# 4-12 [Bring on the Rain!]



## ThaFish (Feb 27, 2013)

*The Report:*
After a weekend of being confined to a bed (had my wisdom teeth removed on Thursday), I was more than ready to hear my drag scream again. Johnny & I left Panama City Beach around 9PM on Sunday evening & decided to take 98 so that we could stop at Sykes on the way home to Pensacola. Met fellow forum member Dustin out there, with the promise that I'd make sure that he landed his personal record bull red! Needless to say, we made it happen. Dustin hooked into a few studs, all of which managed to break him off (or bend his jig out) except for a beautiful 37.75'' red that made it to the net. I hooked into four, two of which I landed, one I bent the hook out on, & one that broke me off. Johnny hooked into three & broke all three off. The most eventful part of the night was Johnny's fight with the second bull he hooked into. It absolutely SMOKED his Saros 3000FA. He was never able to turn the redfish on her first run, & she ended up dumping his spool, as you can see in one of the photos. Also met a cool dude named Ken out there, who let us use his drop net when ours got tangled up - thanks man! Only fished for a little over an hour & a half before the rain turned into a torrential downpour & ran us off the bridge, but man was that a great short trip!

*What Were We Using?*
1/2 oz. Golden Eye jigheads paired with Vortex Shad in the Kamikaze color proved to be exactly what the fish wanted. Johnny tried throwing larger chartreuse twistertails & Ken started off throwing a bigger white paddletail, but the reds wouldn't touch them. After I had already hooked up with & landed two, we all began throwing the same thing, & it was on!

*Tally for the Night:*

*Me: * FAT 36'' bull & the skinniest 40.5'' bull red I've ever seen
*Johnny:* Got spooled
*Dustin:* 37.75'' bull (personal record!)
*Ken:* 33'' bull

Tight lines everyone.


----------



## ThaFish (Feb 27, 2013)

Here's Dustin's stud bull! Next on the agenda is a 40'' fish bro. :thumbup:


----------



## WAReilly (Jun 2, 2014)

Nice fish fellas!


----------



## SkiffLife (Jan 11, 2015)

Thanks bro on showing me how to work the bridge. That was a stud but I'm ready to hit 40+ and to see you break out the fly from the bridge! I feel an epic night is soon to come!!


----------



## Dimebag (Jan 15, 2014)

Good report as always


----------



## ThaFish (Feb 27, 2013)

SkiffLife said:


> Thanks bro on showing me how to work the bridge. That was a stud but I'm ready to hit 40+ and to see you break out the fly from the bridge! I feel an epic night is soon to come!!

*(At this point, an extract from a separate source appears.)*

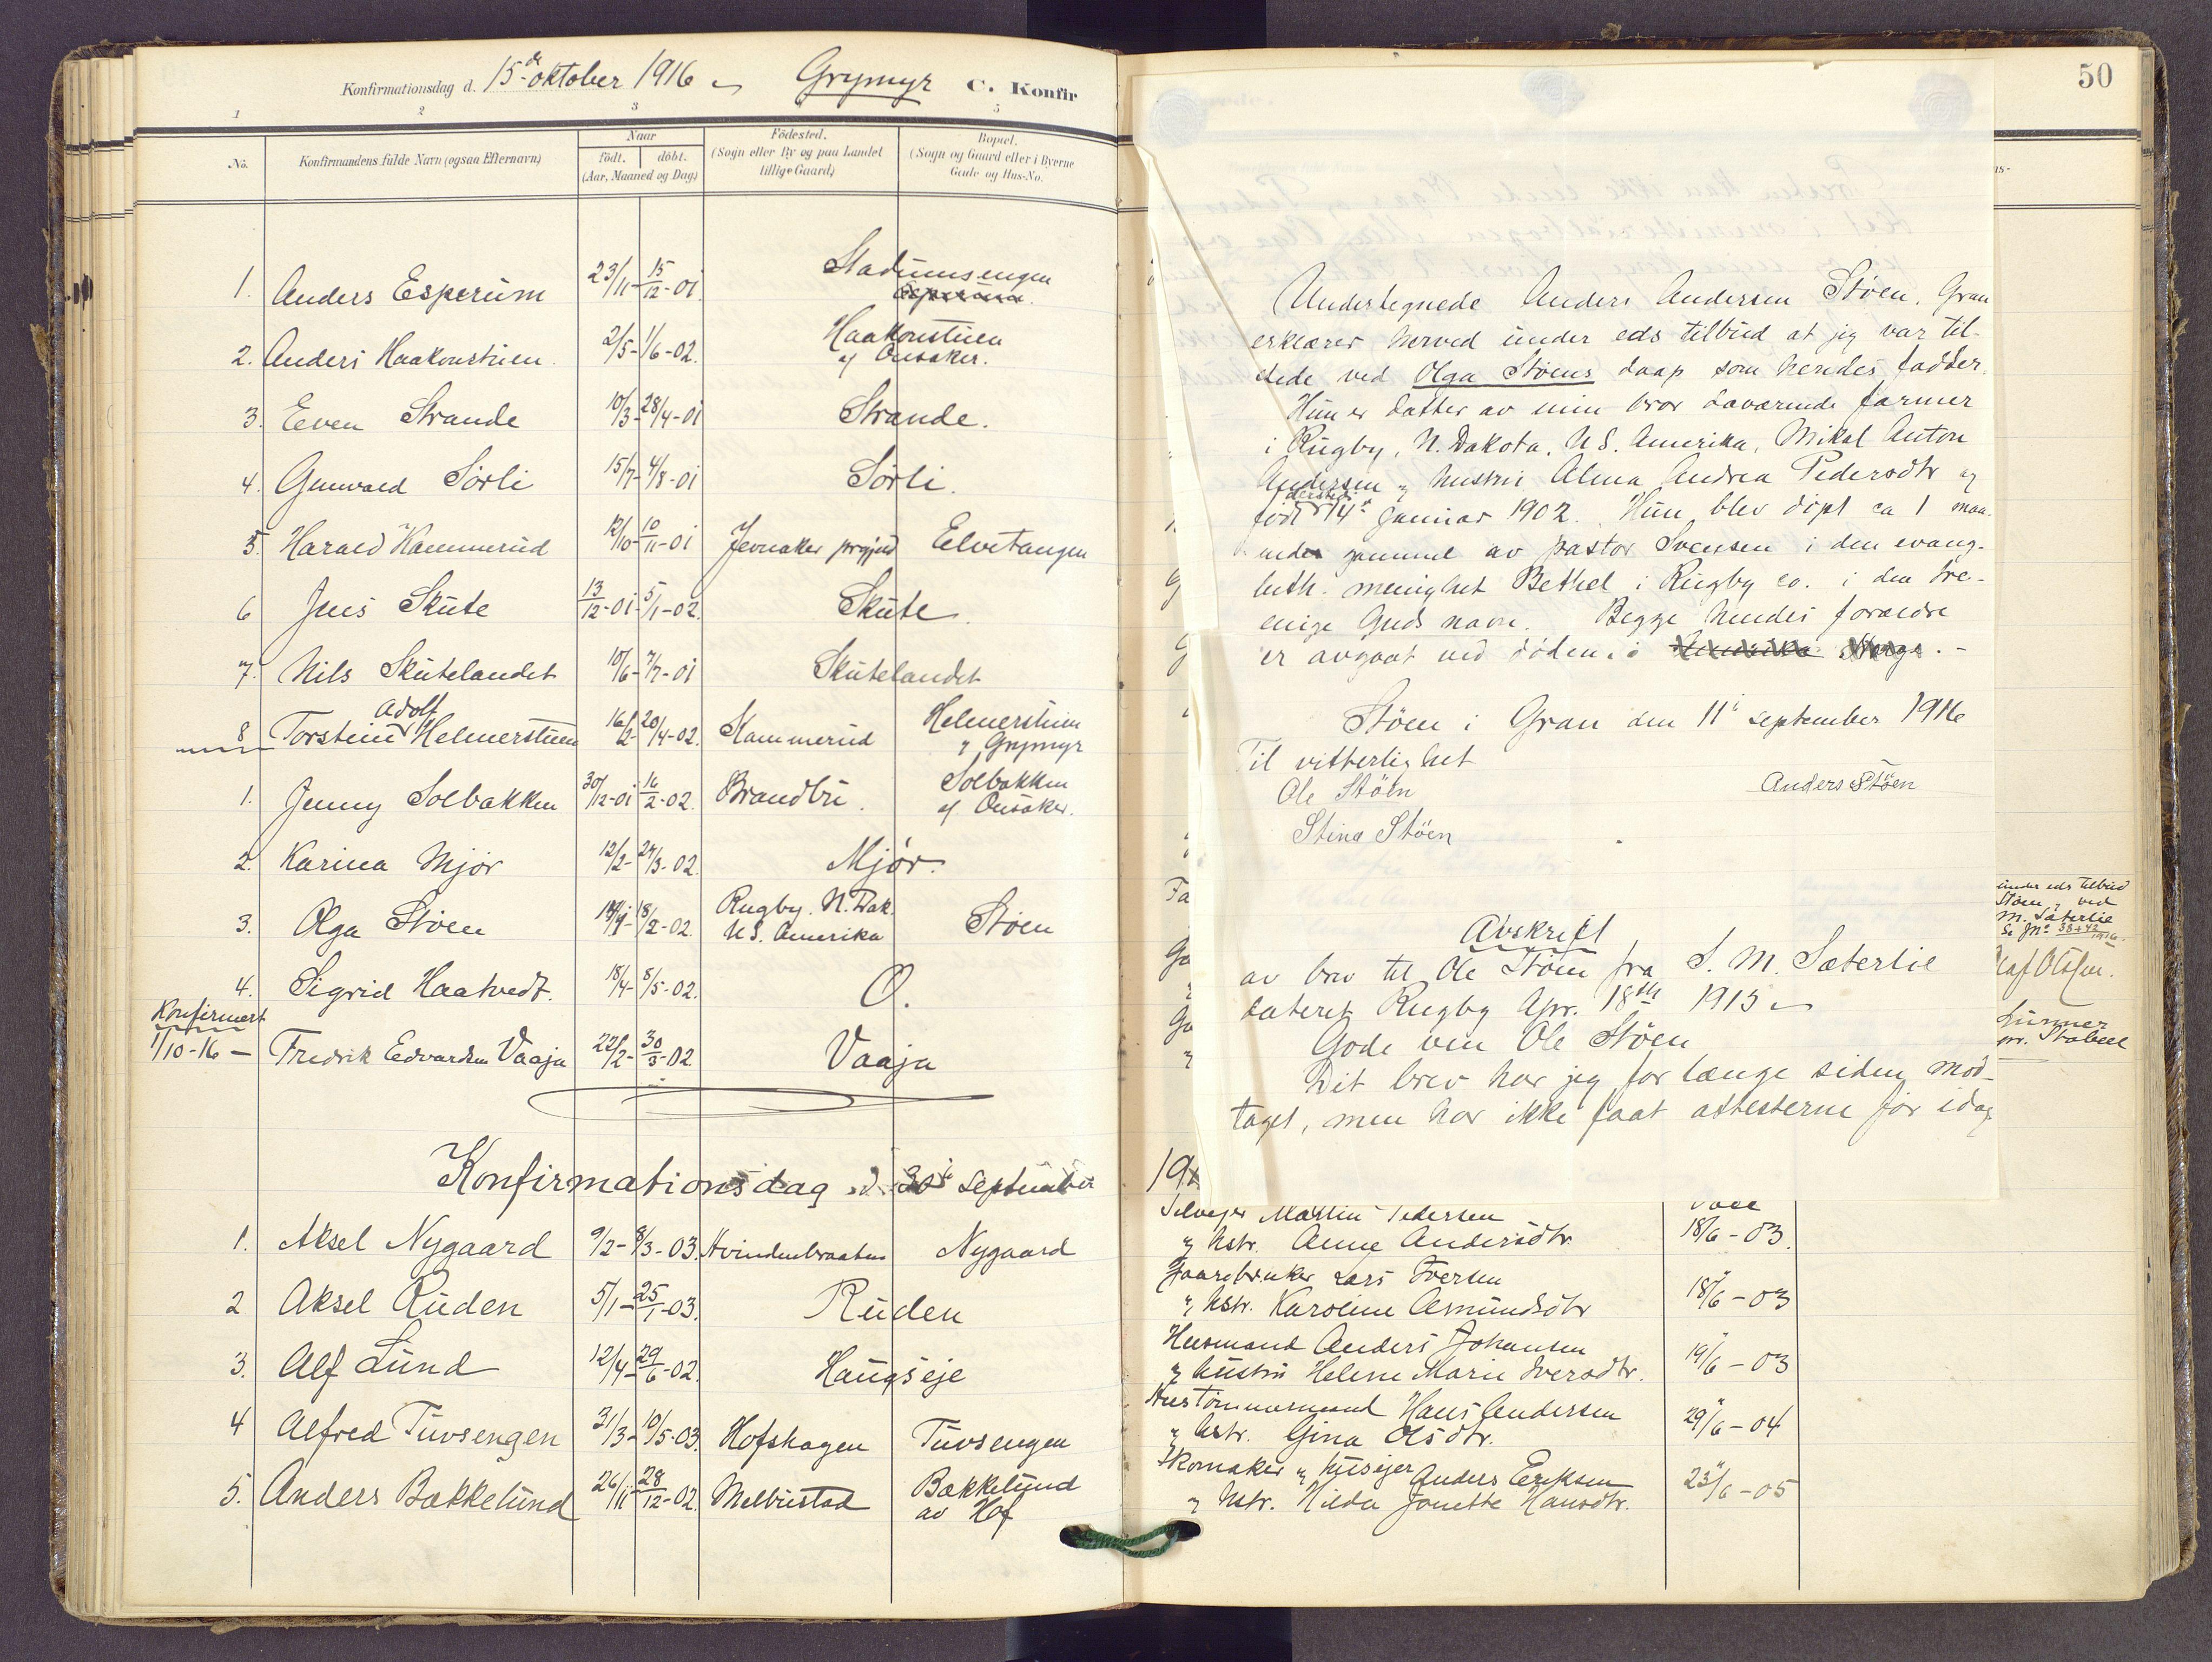 SAH, Gran prestekontor, Ministerialbok nr. 22, 1908-1918, s. 50

It's gonna happen soon man, I know it!


----------



## Jason (Oct 2, 2007)

I'm having a hard time keeping up w/ your reports Sawyer!!! Heck fer once I'd like to see just a pic of a pinfish or ****** only!!! hahaha Killing me!


----------



## mikez (Apr 28, 2014)

Nice fish, glad to see they're still hitting. I'll be there in a couple weeks.

What's that you say about getting out the fly??? Are these fish available with a flyrod? How high off the water is the pier?

Oh I'd love to get my first ever redfish any way possible but to tag a bull on the long wand would be beyond sweet!


----------



## gatorrodshop (May 14, 2014)

I got my 42 incher last year! Great pics and info!


----------



## ThaFish (Feb 27, 2013)

Jason said:


> I'm having a hard time keeping up w/ your reports Sawyer!!! Heck fer once I'd like to see just a pic of a pinfish or ****** only!!! hahaha Killing me!


Make sure not to miss the report for last night that I'm going to put up later today! Unfortunately I didn't get any pinfish again.


----------